In the current benchmark set, batch ingest is materially stronger than point-at-a-time writes.
Warm steady-state ingest
TimelessMetrics performs best once the active series set already exists and writes are flowing into established series.
- Cold population includes series creation and metadata persistence.
- Warm ingest reflects ongoing workload throughput.
When benchmarking or capacity planning, separate those two phases. Mixing them leads to misleading conclusions.
Query fan-out by label filter
Multi-series queries scale best when label filters narrow the working set early.
- Exact-label queries are cheapest.
- Partial-label queries are fine when cardinality is bounded.
- Wide-open queries across large metrics are the most expensive path.
Multiple store instances
If one node must serve very different workloads, separate them into different stores instead of over-tuning one global instance.
Examples:
- high-churn application metrics in one store
- long-retention infrastructure metrics in another
- isolated benchmark or test stores in memory mode
What to tune
ingest_workers
ingest_workers affects only HTTP imports.
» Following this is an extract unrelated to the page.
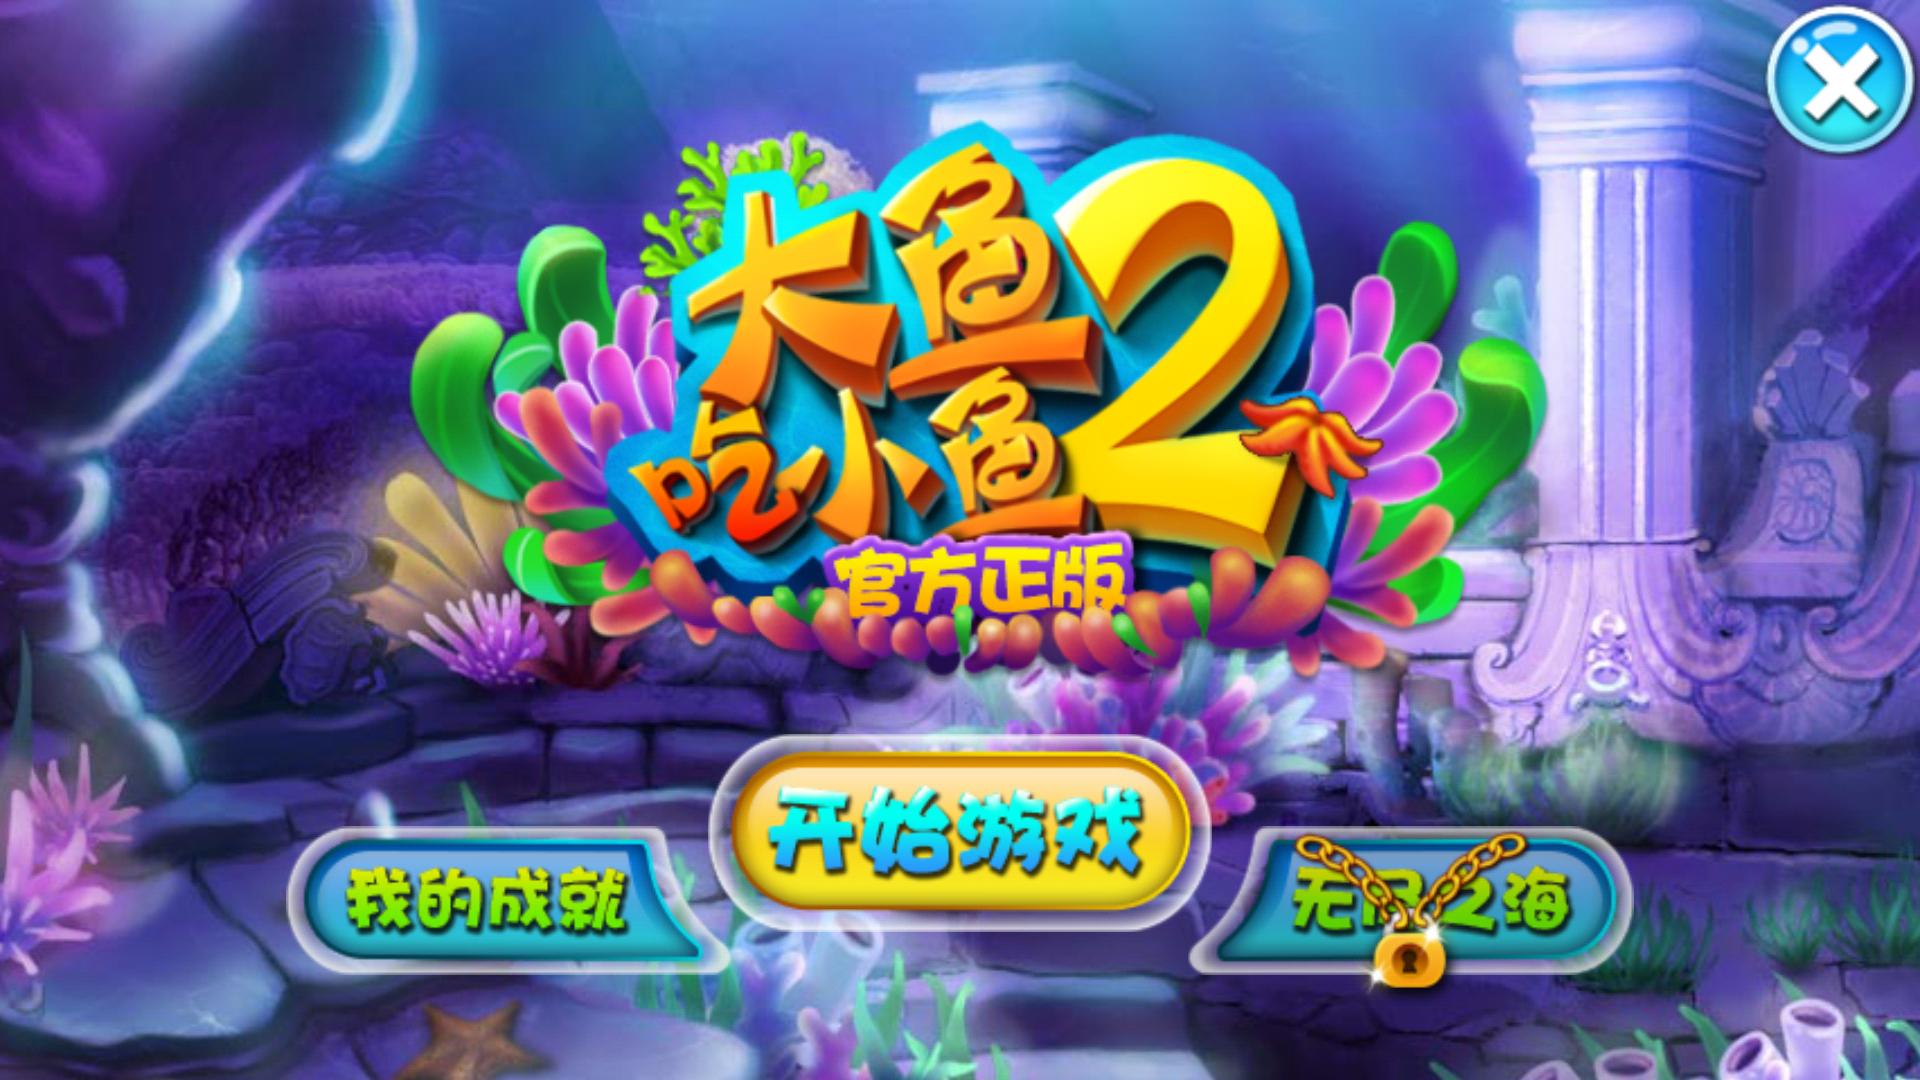 大鱼吃小鱼2tv版下载 大鱼吃小鱼2智能电视版 安卓tv

It controls how many background workers drain the HTTP ingest queue.
- Increase it when HTTP import is saturated and CPU is available.
- Leave it near the default for most deployments.
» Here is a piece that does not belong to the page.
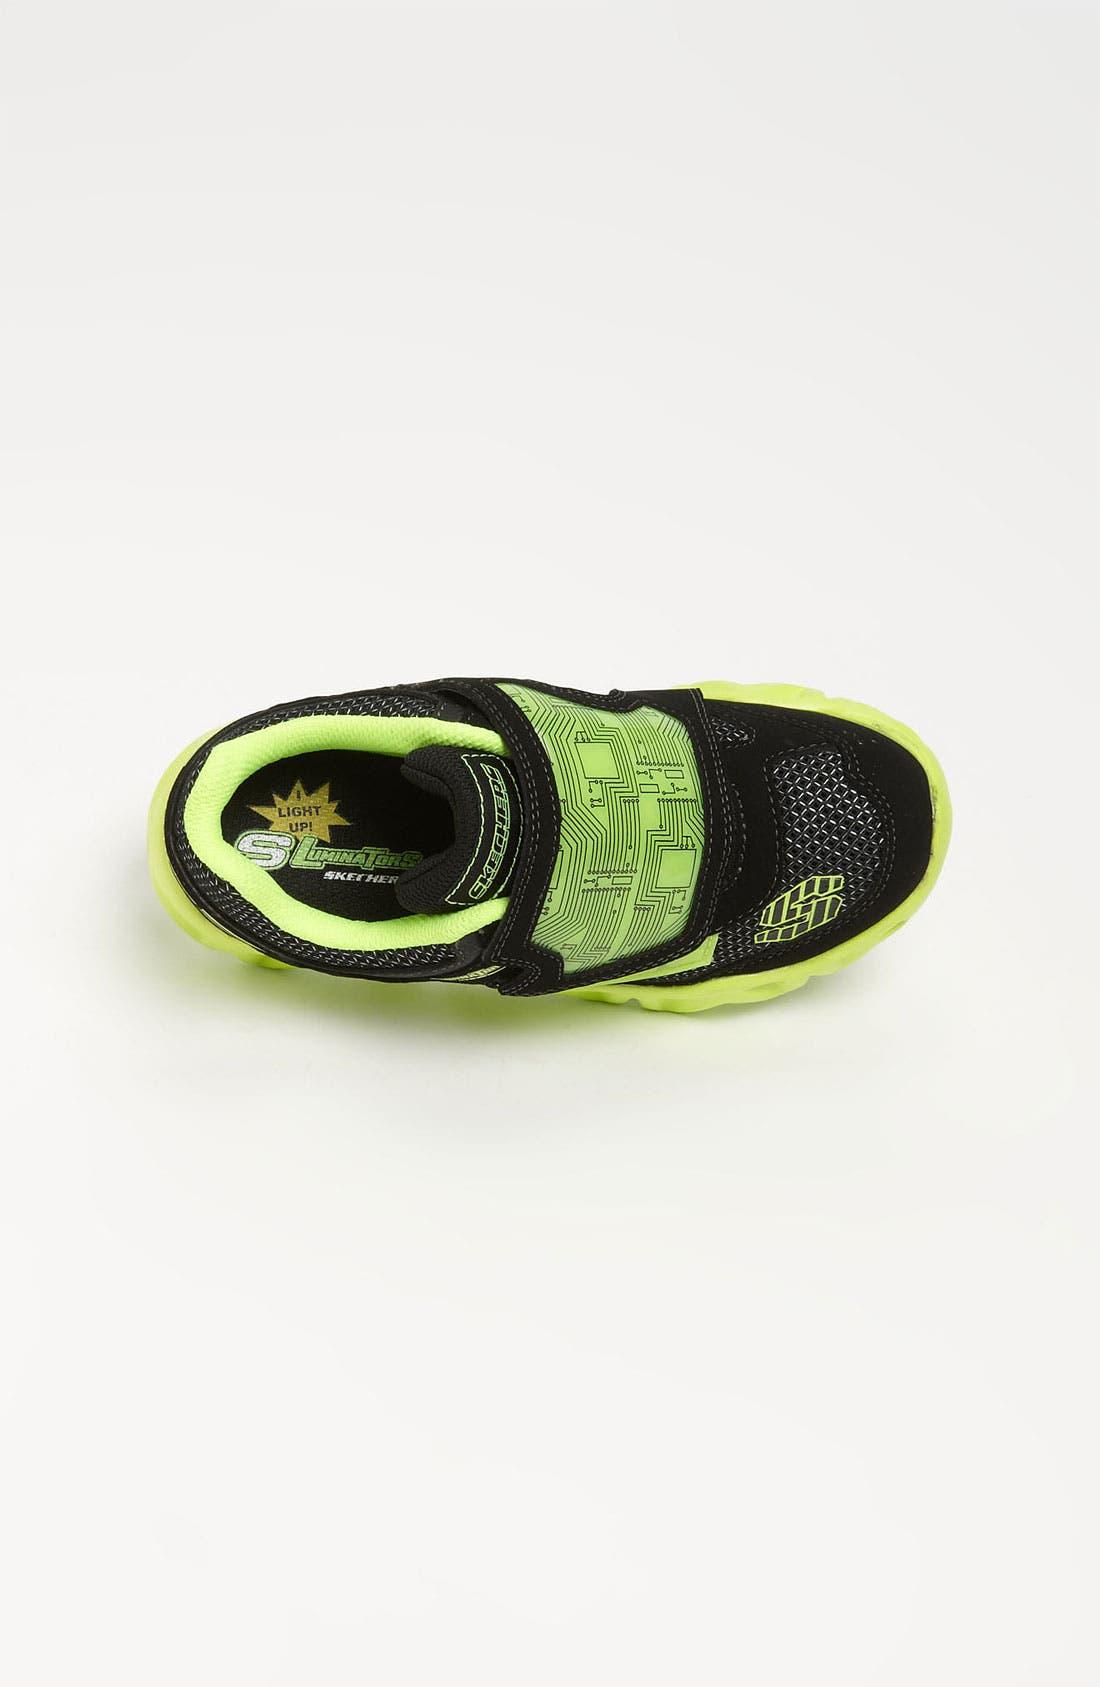 Alternate Image 3  - SKECHERS 'S Lights - Datarox' Light-Up Sneaker (Toddler & Little Kid)

- Lower it for small embedded or mostly-query workloads.
schema
The schema controls rollup tiers and retention. This is one of the most important operational choices because it affects both disk usage and long-range query cost.
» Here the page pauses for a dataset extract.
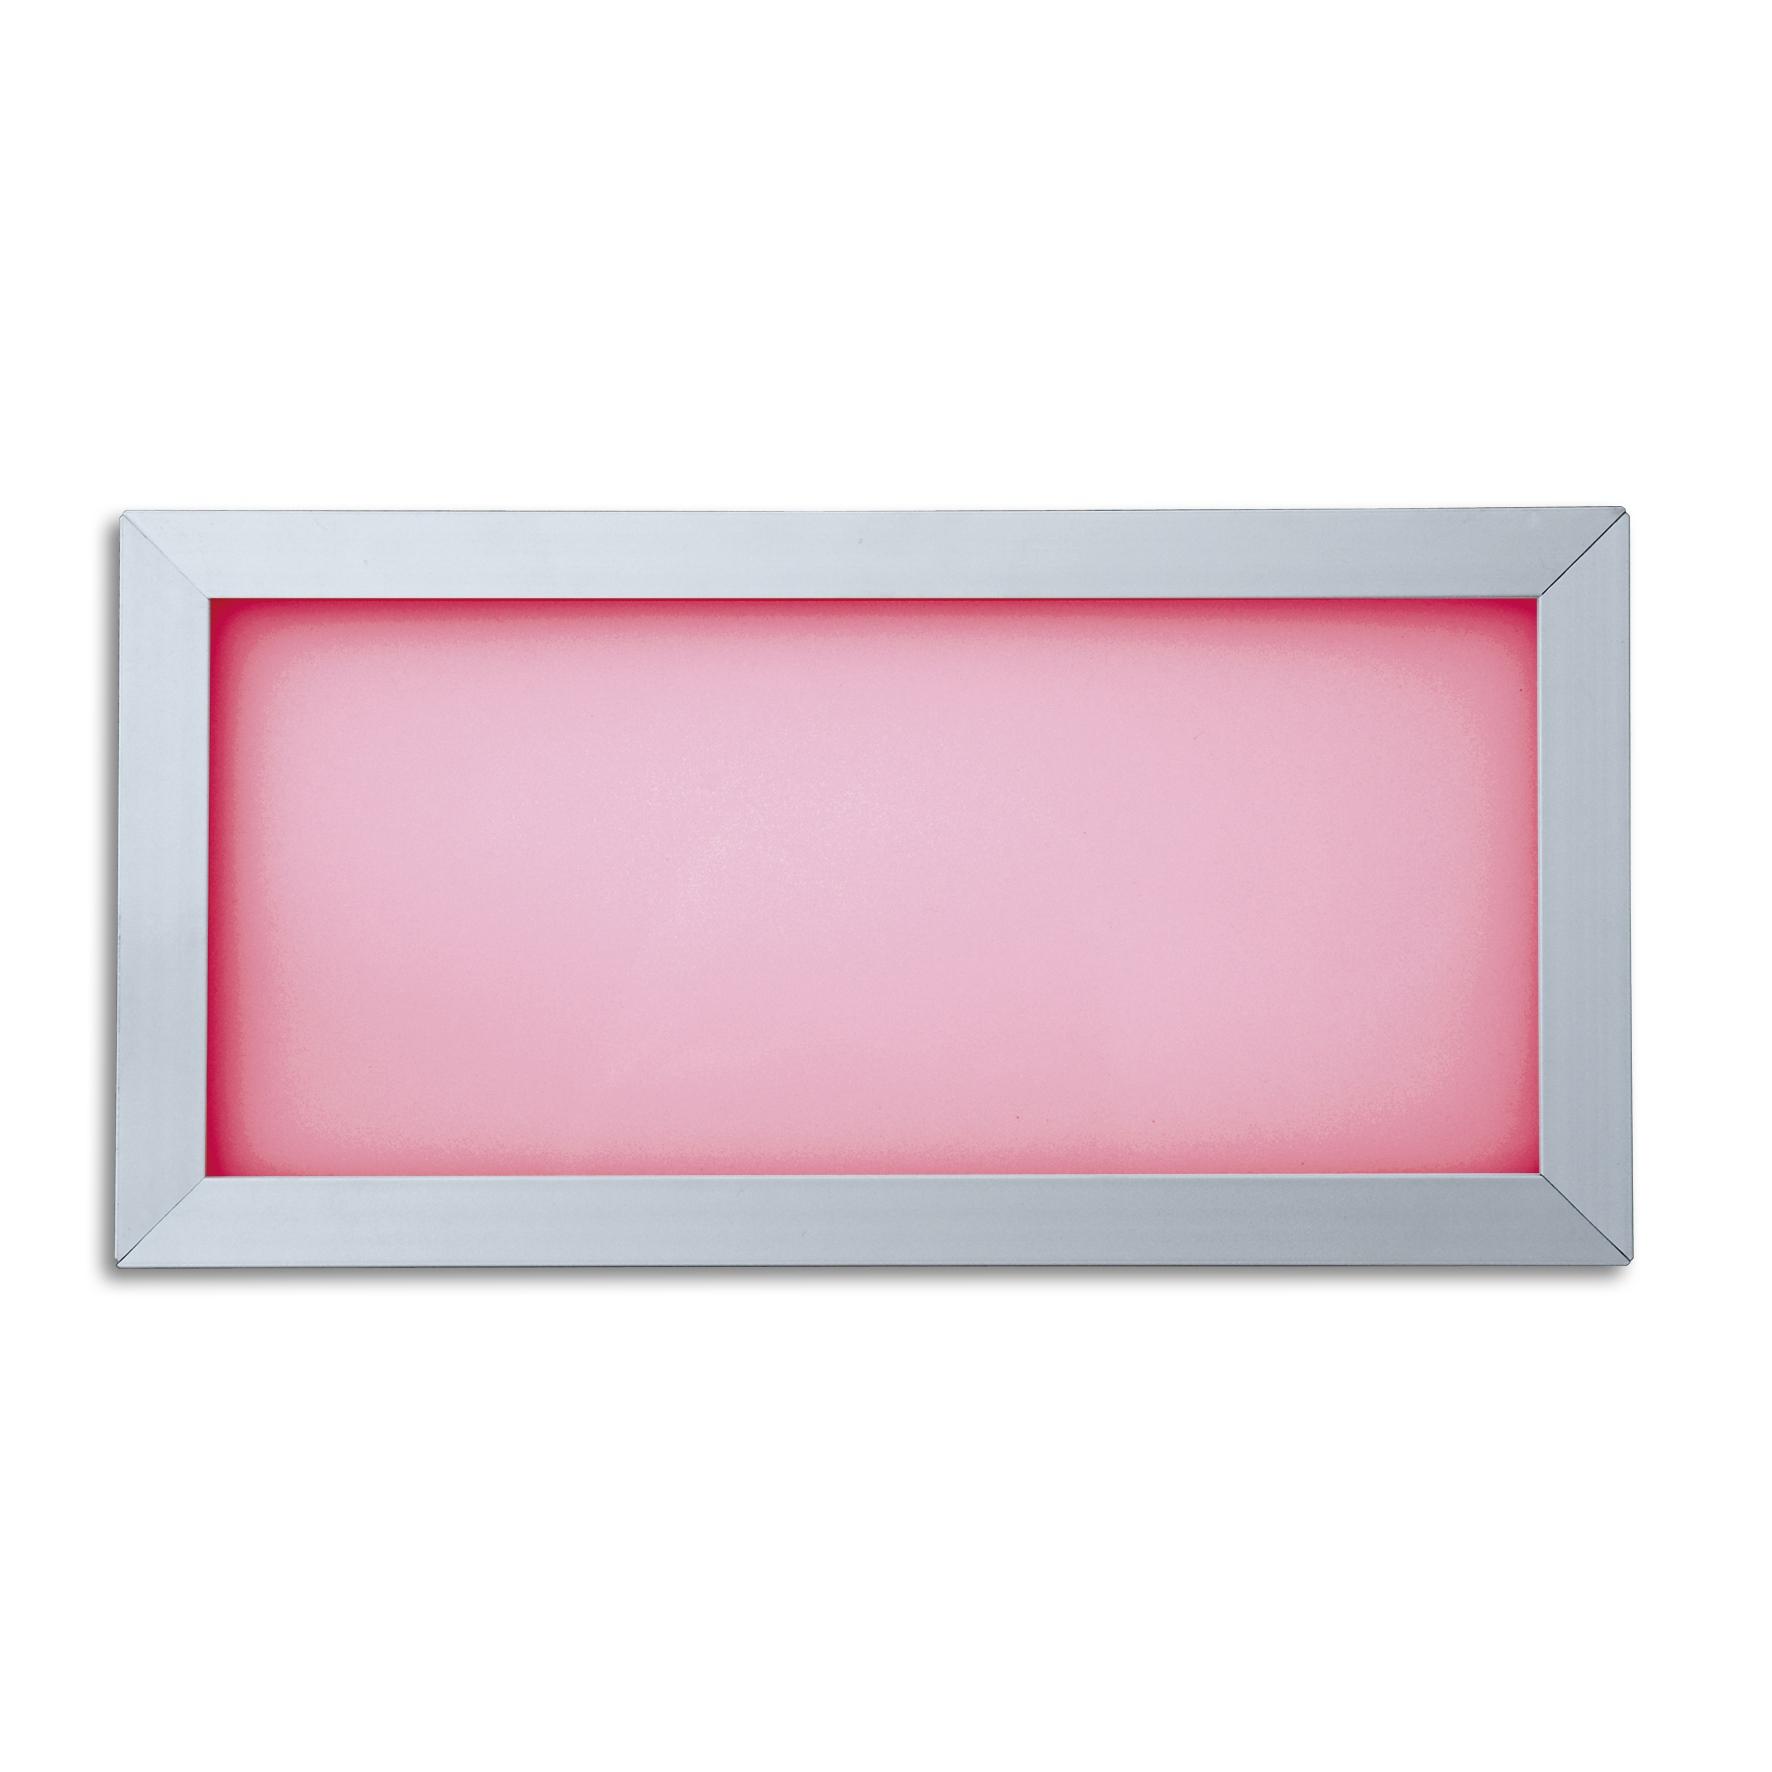 LED RGB Panelo Einbaupanel Haiko silber 9W 30x15cm

- Short raw retention reduces storage cost for high-volume workloads.
- Longer rollup retention keeps dashboards cheap over long windows.
- Custom tiers are preferable to forcing every query through raw history.
raw_retention_seconds and daily_retention_seconds
These are the coarse controls for storage growth.
- Increase them only when you need that data online.
- For dense operational metrics, extra raw retention adds up quickly.
- Long-term planning should usually lean on rollups, not unlimited raw data.
mode
:diskis the normal production path.:memoryis for tests, ephemeral services, and isolated benchmarks.
Benchmarking guidance
Use the maintained benchmark set in bench/README.md.
For ingest performance, treat these as separate questions:
- How expensive is cold population?
- What is warm steady-state throughput?
- How much time does flush/compression add?
- How do real HTTP workloads compare to direct library writes?
The updated bench/write_bench.exs follows that split and is the best starting point for write-path analysis.
What not to optimize first
- Do not assume compression is the bottleneck. Current compression efficiency is already strong.
- Do not compare cold-start benchmarks to warm-ingest benchmarks as if they measured the same thing.
- Do not tune legacy-only options unless you are intentionally running
engine: :legacy. - Do not widen queries unnecessarily when dashboards only need aggregated or filtered results.